Similar rhetorical techniques can be seen in the election which propelled US President Donald Trump to power — his attack on free trade (normally a stomping-ground of the radical left) and demands for protectionism and jobs were left-ish slogans that resounded with many who might have otherwise voted on the left, despite the fact his agenda was fundamentally one of the far-right.

Also, and importantly, “fanaticization does not necessarily arise from genuine conviction,” observes Koschorke. Many leading Nazis thought Hitler was an intellectually inferior buffoon (many leading Republicans overtly think the same about Trump), and that Nazi political theory was nonsense, but they thought they could use him and his mass appeal toward their own ends.

Similarly, the vague and vacuous political theory in Mein Kampf actually proved appealing for many political theorists, who felt that here was an opportunity for them to make a name for themselves by filling in the gaps and contributing to its greater coherence. On a similar level, perhaps, one witnesses in the disastrous and incoherent workings of contemporary neoliberal capitalism a persistent desire on the part of academics and corporate leaders to be the ones to resolve its contradictions, and win everlasting fame and fortune as a result. Incoherence and contradictions are not a barrier when it comes to the ability of an idea to attract otherwise intelligent people; they can even be an incentive.

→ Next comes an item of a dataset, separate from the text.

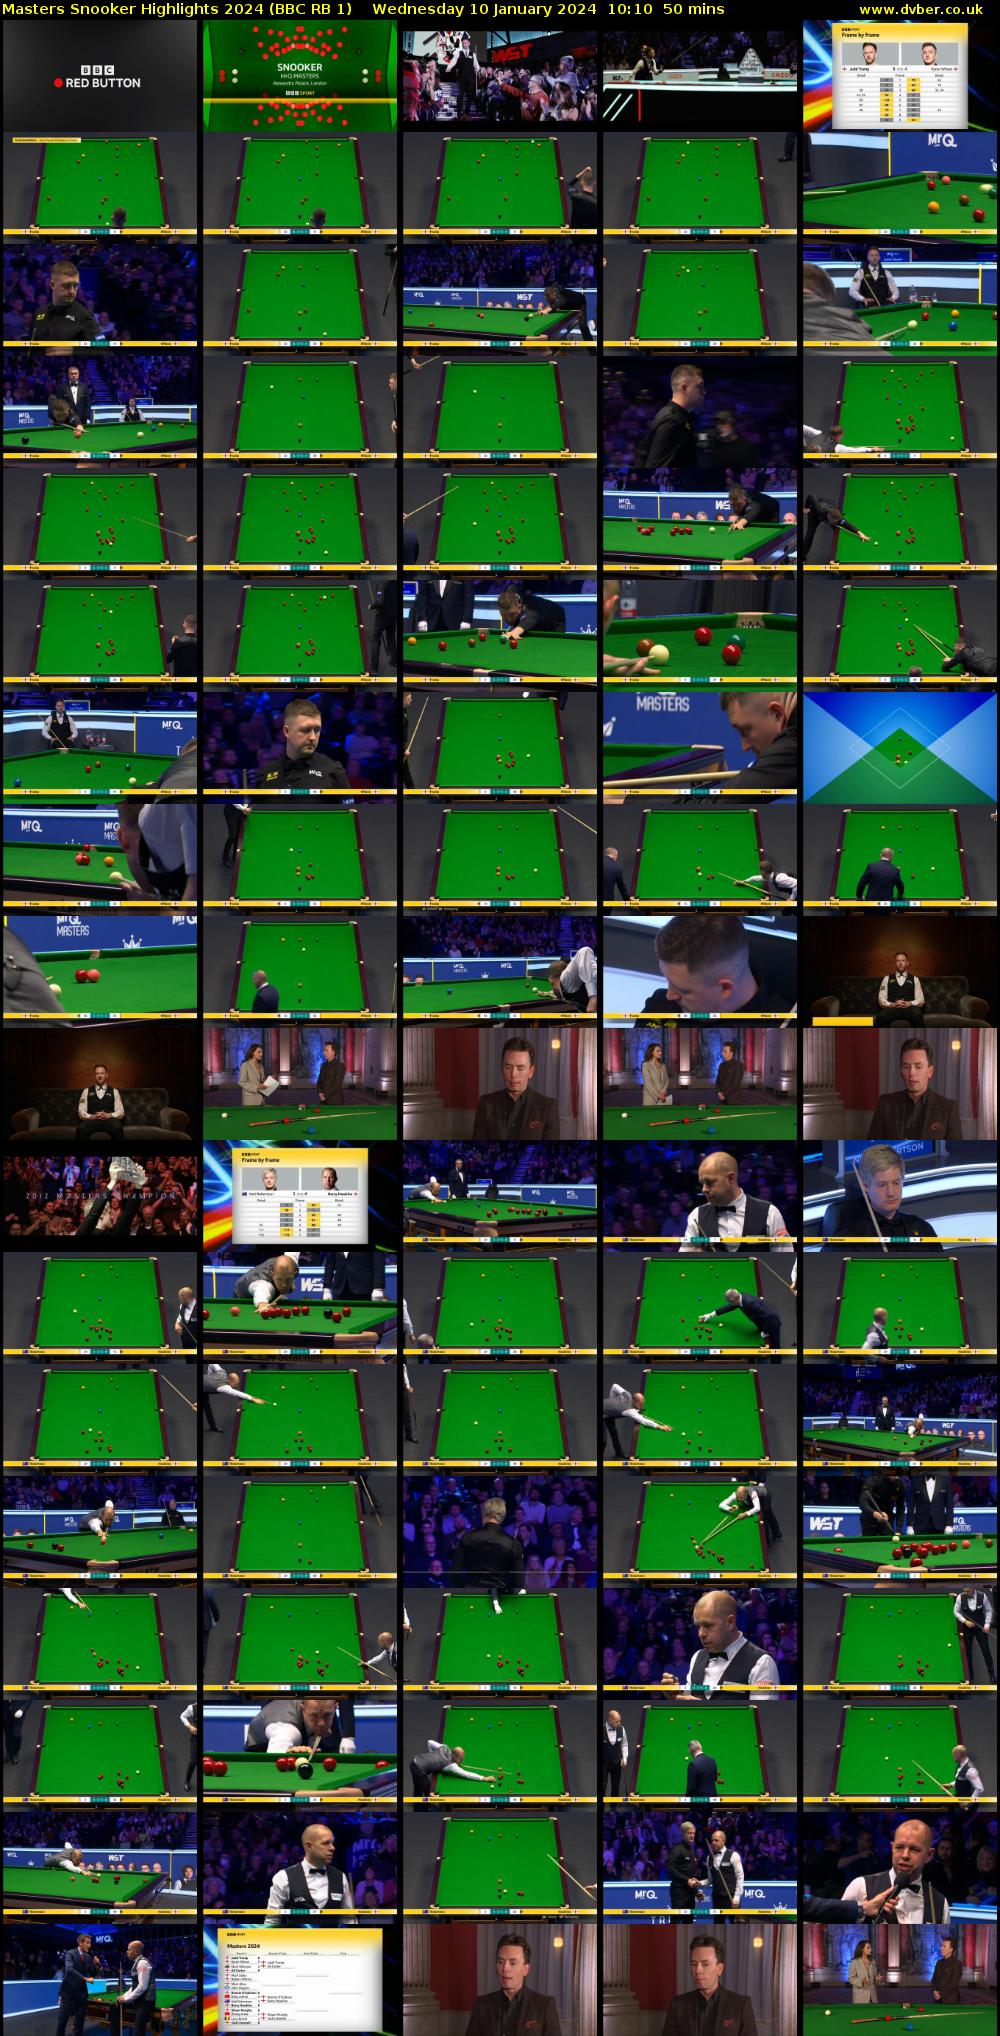 Masters Snooker Highlights 2024 (BBC RB 1) Wednesday 10 January 2024 10:10 - 11:00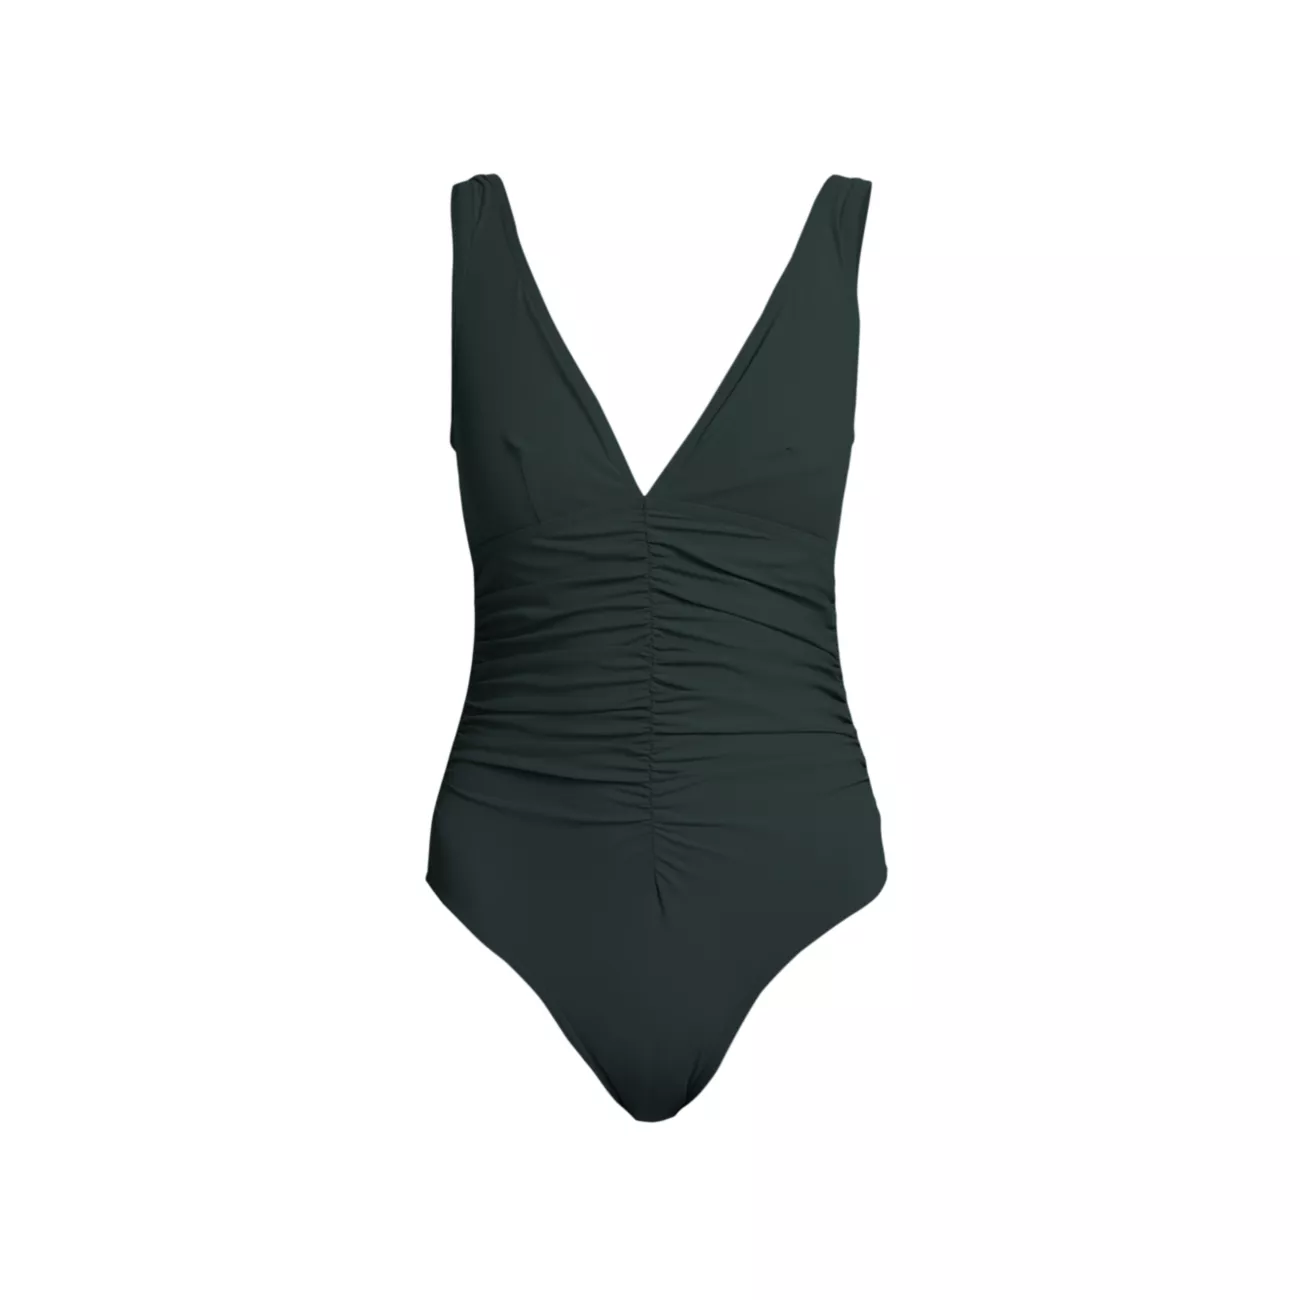 One-Piece Ruched-Center Swimsuit Karla Colletto Swim

Indeed, this leads to perhaps the most important point. In the end, it was not intellectuals or stolid centrist anti-radical opinion that mobilized the world against Hitler; it was other radicals, more of the same “intellectual precariat of bohemians and academic dropouts”, only this time it was the ones on the left. The radical left, combined with then-discredited buffoons like Winston Churchill, managed through great struggle to raise adequate resistance and alarm to the rise of fascism so that when war finally erupted, the enemies of fascism had a fighting chance.

If there’s a lesson to be learned from the legacy of mid-20th century fascism, it’s that the dominant, legitimized forms of intellectual centrism did not defeat fascism, and may even have fed its growth. It was the equally resolute radicals on the left who took action against it that helped mobilize the world to stop it. Immersing oneself in the rhetoric of fascism risks losing oneself in an indifference to its visceral appeal and its dangerous potential, as well as its qualitative difference from the equally radical emancipation movements that oppose it.